How to find source of mass-added tags?

bicycle=dismount | Tags | OpenStreetMap Taginfo - from graph you can clearly see appearance of 50k instances of this tag in some bot edit, quite recently. I am interested in investigating what happened.

Does anyone has tool/capability to locate relevant edits or area where it happened?

(I have some, but they are incapable of handling so popular tag)

BTW, if you take look at bicycle=no | Tags | OpenStreetMap Taginfo it is clear that someone mass retagged bicycle=no to bicycle=dismount

6 Likes

One thing that comes to mind is using Geofabrik’s local Taginfos https://taginfo.geofabrik.de/ and basically doing a breadth-first search: check each continent for that 50k jump in dismount tag counts, then check each country on the continent that has the jump (probably checking more active countries or otherwise “usual suspects” first), then check the country’s subregions if any.

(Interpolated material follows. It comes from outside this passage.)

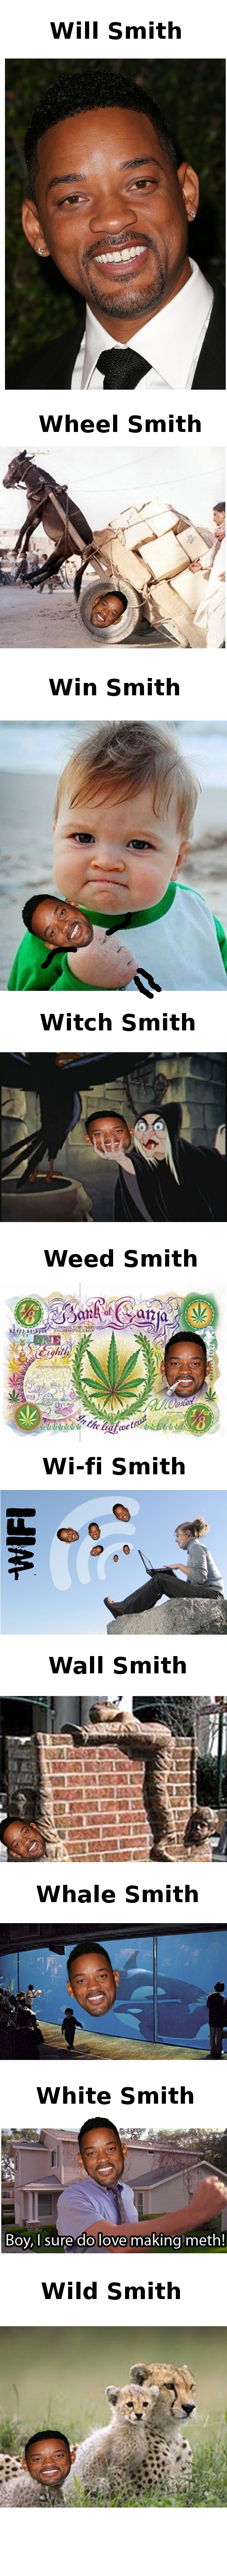 Yeah, i just put will smith's face on some shitty pictures

Then do an Overpass search in the identified area and click around for recently changed values to find the changesets.

I don’t know if there’s more automated ways of doing this.

A higher resolution of the Taginfo map of tag uses, or a heatmap, would be helpful in this case.

(I can DM you the answer for this specific query, but I am assuming in this thread you want to address the general technique.)

3 Likes

Looks like Quebec, see bicycle=dismount | Tags | OpenStreetMap Taginfo Quebec

We know the approximate date, so let’s query for timestamp objects that fall within that date and hope they haven’t been modified since:

way[bicycle=dismount](if: timestamp() > "2025-09-07T00:00:00Z" && timestamp() < "2025-09-09T00:00:00Z");
out center;

We open Overpass Ultra to make sure your browser isn’t dead and get ~62,000 objects, hooray. Let’s find where they’re most numerous:

Changeset: 171660464 | OpenStreetMap


What if all objects were changed later (for example, as a result of a revert)? Add [date:"..."] to the beginning of the query.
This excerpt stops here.